Написать тебе я решил после прогулки, совершенно подобной нашим прежним прогулкам, с тем лишь отличием, что я был один. Впрочем, мысль о тебе, твое присутствие не переставало мне сопутствовать. Ты была, право же, рядом со мной, слева от меня. Погода стояла хорошо нам знакомая, не совсем печальная, и небо было такое, каким мы любили его, оттого что оно помогало нам чувствовать себя одновременно и немного затерянными и обретшими какой-то кров. Я слушал гудки буксирного парохода и думал: «Через час стемнеет». Спутник мой слева молчал. Я узнавал взгляд, которым он обычно смотрел на меня. Все показалось мне легко возобновимым и неизбежным. Чуть было я не произнес «Жюльета», словно на следующем углу непременно должен был увидеть тебя.
Я уверен, что мы свидемся послезавтра, в четверг. Не могу себе представить, чтобы ты не получила вовремя этого письма, или отсутствовала, или чтобы у тебя было какое-нибудь препятствие. Я замечаю, что никогда не верил вполне в твое отсутствие.
Я предлагаю тебе, если ты согласна, одно из наших обычных мест свиданий: этот скверик с развалиной на бульваре Генриха IV. Если ты придешь туда в четверг, в три часа дня, то застанешь меня там непременно. Если бы случайно шел сильный дождь, то я сидел бы на террасе или в маленьком кафе напротив. Нежно тебя целую, моя кроткая Жюльета, и прошу простить меня
Пьер.
Жюльета плачет без слез. Задыхается и не может всхлипнуть. Тревога, смешанная из боли, непомерной радости и отчаяния, сжимает все ее тело.
Одно несомненно: завтра, в четверг, 24 декабря, в три часа дня, Жюльета будет стоять перед маленьким сквером. Это неминуемо, как если бы решено было предвечно. Что произойдет потом? Это неважно. Остальные обстоятельства жизни — ничтожные подробности. И к тому же она когда-то была слишком озабочена будущим. Пьер упрекал ее в этом, и, быть может, именно это не понравилось ему. Опасаясь, как бы не пришел конец их любви, она, быть может, ускорила конец. Надо легче отдаваться потоку дней. Когда отдаешься отчаянию, удается ведь совершенно забывать о будущем. Пусть бы несчастье учило нас быть счастливыми!
«Отчего он покинул меня?… Нет.

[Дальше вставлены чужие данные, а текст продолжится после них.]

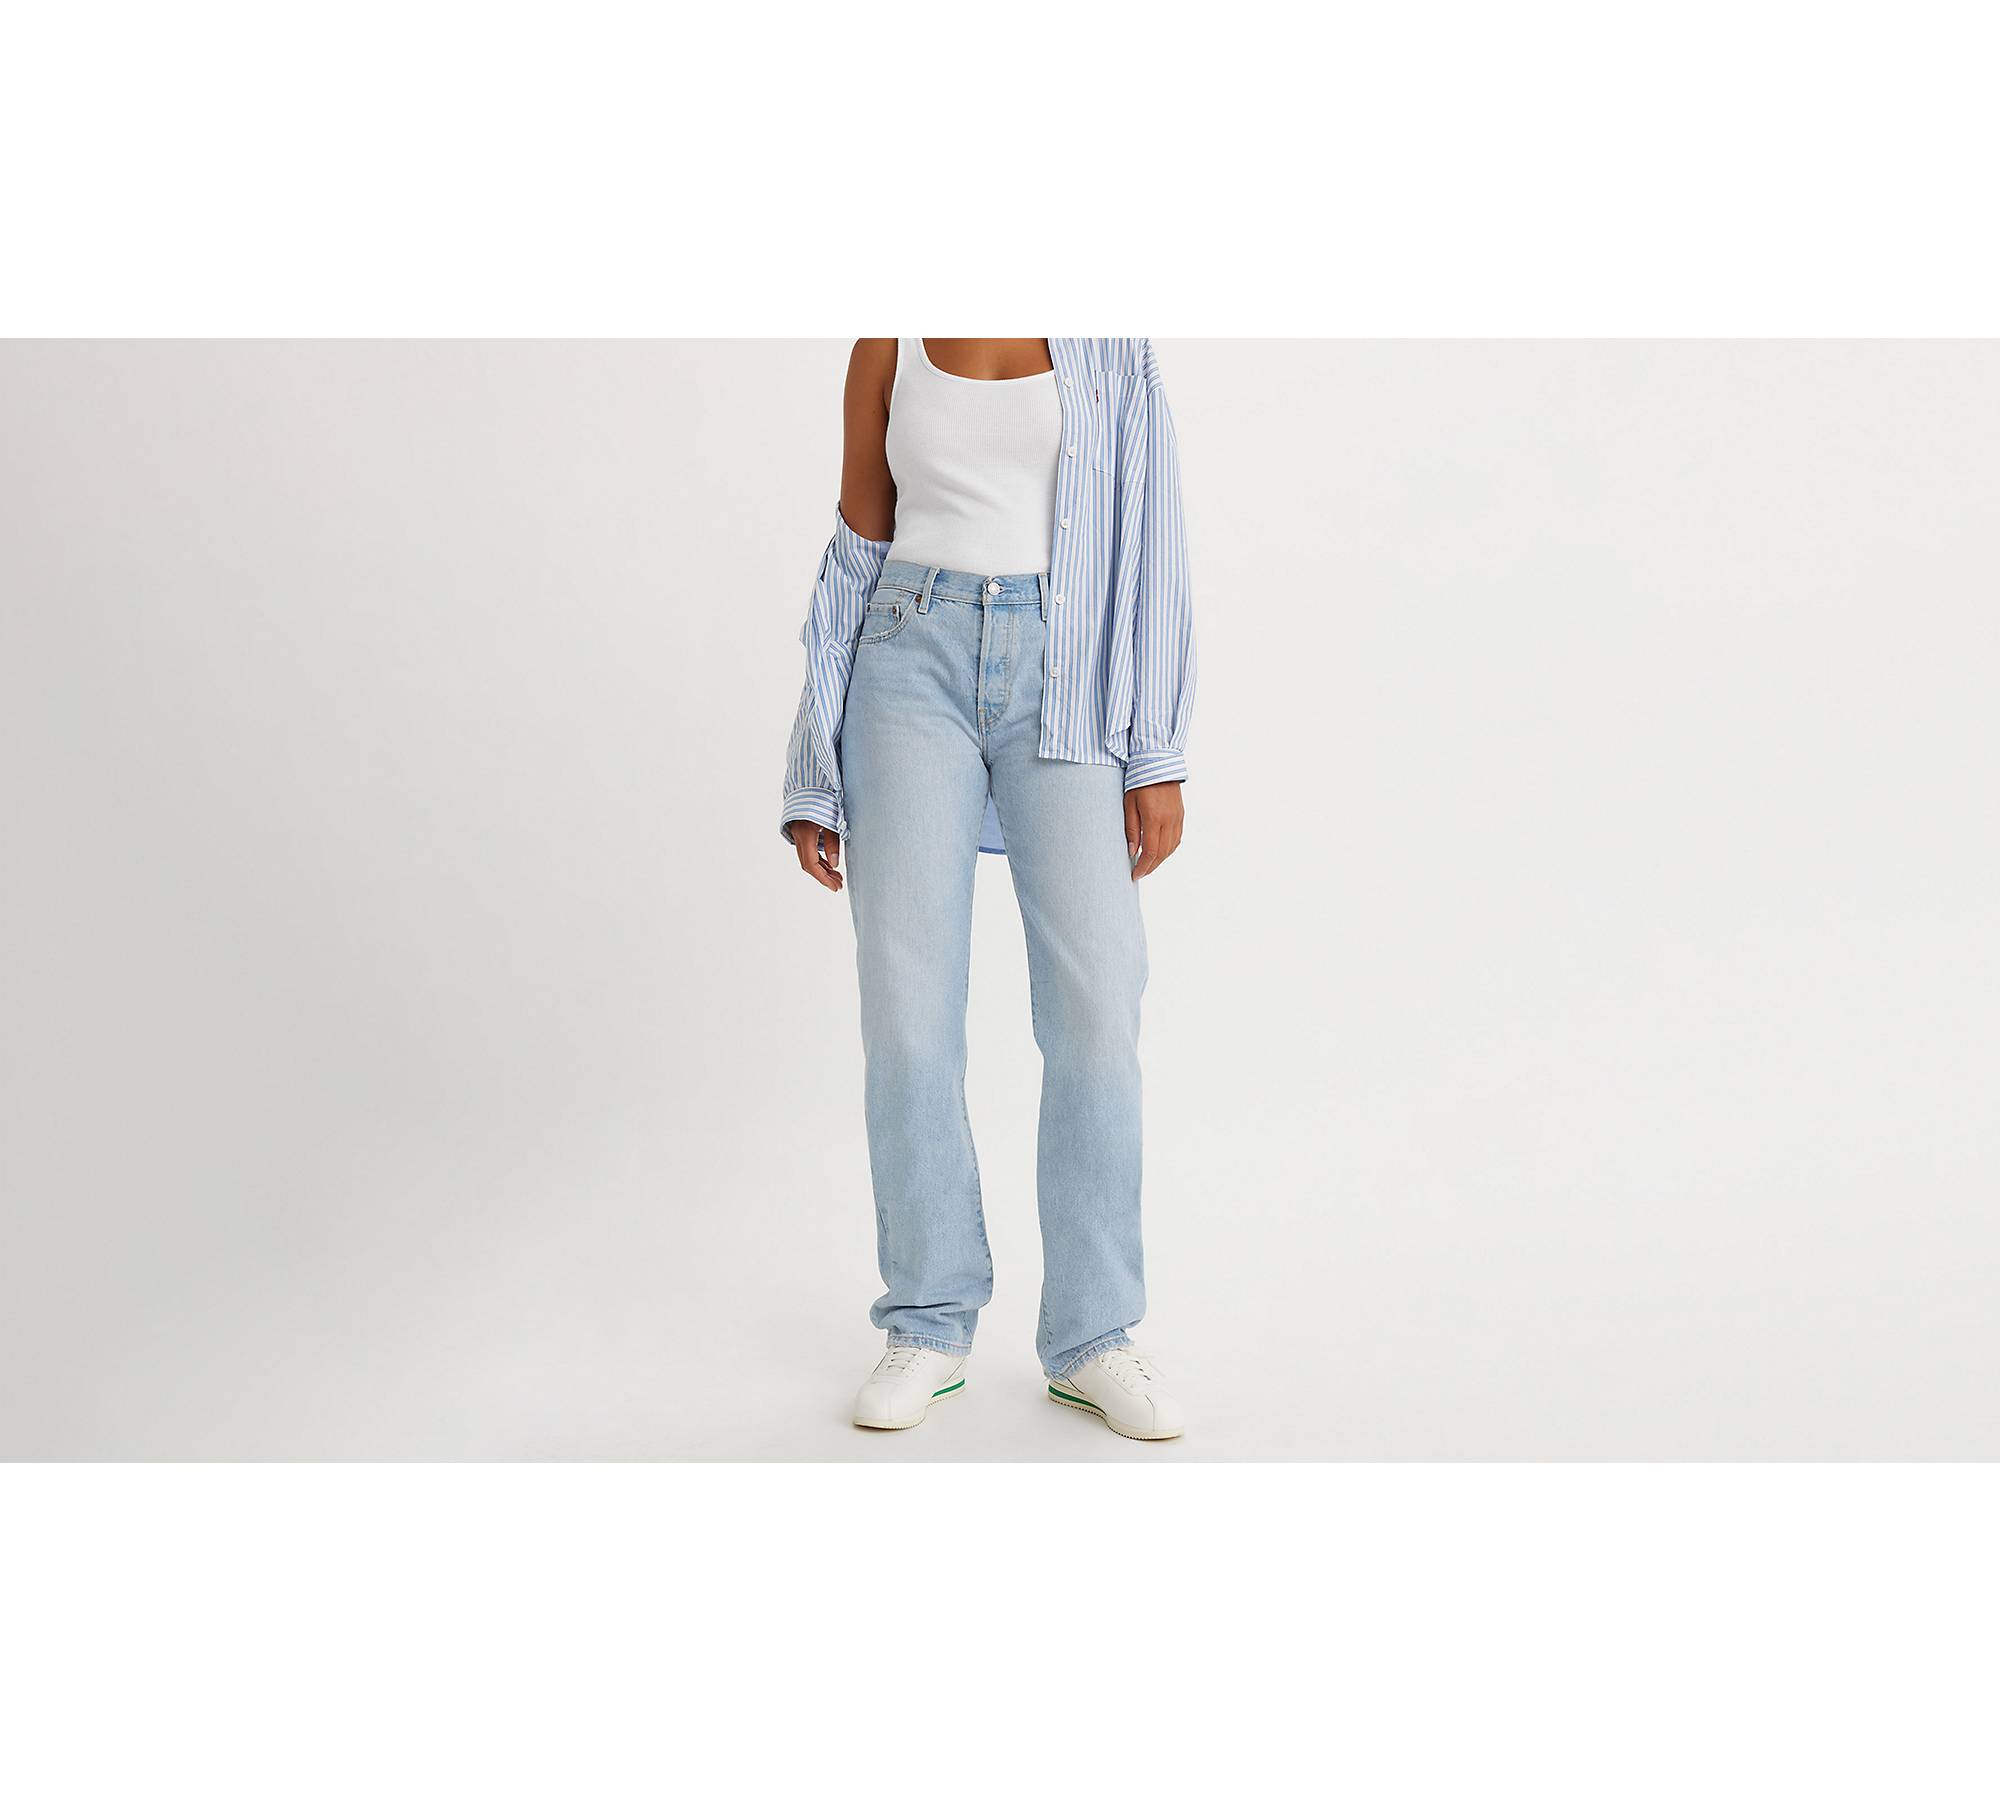 Levi's Ribcage Straight Ankle Jeans in Light Wash • Shop American

Не хочу больше думать об этом. И во всяком случае об этом его не спрошу. Не надо начинать с объяснения… А между тем, надо мне было бы это знать, чтобы… Любит ли он меня снова? Да, раз он хочет вернуться. Его письмо, как мне кажется, полно любви. Оно такое же любящее, как его прежние письма. Не такое пылкое, как иные из них, но нежное. Он не говорит, что любит меня. Но не нужно слов. Не потому ли он возвращается, что я его слишком горячо звала? Вернулся ли бы он сам? То есть, если бы я его тем временем разлюбила, написал ли бы он мне? Если бы я исчезла, пустился ли бы он искать меня? Я была так близко. Не переставала ждать его. Он сам говорит: он был уверен, что найдет меня, когда захочет, на следующем углу».
Но у нее такое чувство, словно она бледнеет и словно чудовищная мысль поднимается вдоль нее и ее сжигает. Как могла она хотя бы на мгновение забыть про это? Как посмела она думать о том, что сама делала «тем временем»? Ей хочется протестовать. Она близка к тому, чтобы крикнуть, как обвиняемая: «Ничего я не сделала! Клянусь, что ничего не сделала! Сделалось нечто, в чем она не принимала участия. Человеку становится дурно на улице; прохожие поддерживают его за плечи; ведут в аптеку или несут в фиакр. Что с ним делать, — решают прохожие. Я отсутствую. Распоряжайтесь моим трупом. Трупом называют только мертвеца. Но и живыми распоряжаются иногда как мертвецами. И с ними, пожалуй, еще меньше стесняются. Волю покойника уважают или стараются угадать. Но когда живой теряет волю, то люди думают, будто поступают хорошо, внушая ему свою волю.
Боже! Какую ей волю внушили! Какое непоправимое зло причинили ей! Разве нельзя было подождать еще немного, догадаться, что разлука меду нею и Пьером непостижима и не может длиться неопределенно долго?» Правда, она слишком страдала. На нее было больно смотреть. Нельзя было, сложа руки, дать ей умереть от горя. Надо было к чему-нибудь прибегнуть, чтобы ее спасти. Так говорят люди. «Пусть бы даже я была осуждена на смерть от горя, разве я отказывалась умереть от горя?» И подумать только, что нужно было всего лишь подождать, что он должен был вернуться, что все могло стать прежним, быть возможным, как раньше! Достаточно было немного терпения. «Но в терпении у меня не было недостатка. Я ждала бы его десять лет, если бы могла думать, что он вернется. Я ждала бы его десять, скажи он мне: «Жди меня». Можно ли говорить о терпении, когда нет ни искорки надежды? Но, может быть, другие на моем месте надеялись бы, несмотря ни на что. Я согрешила недостатком надежды. У меня никогда не было для надежды такой силы духа, как у других. Я не умею верить в будущее. Как я наказана!»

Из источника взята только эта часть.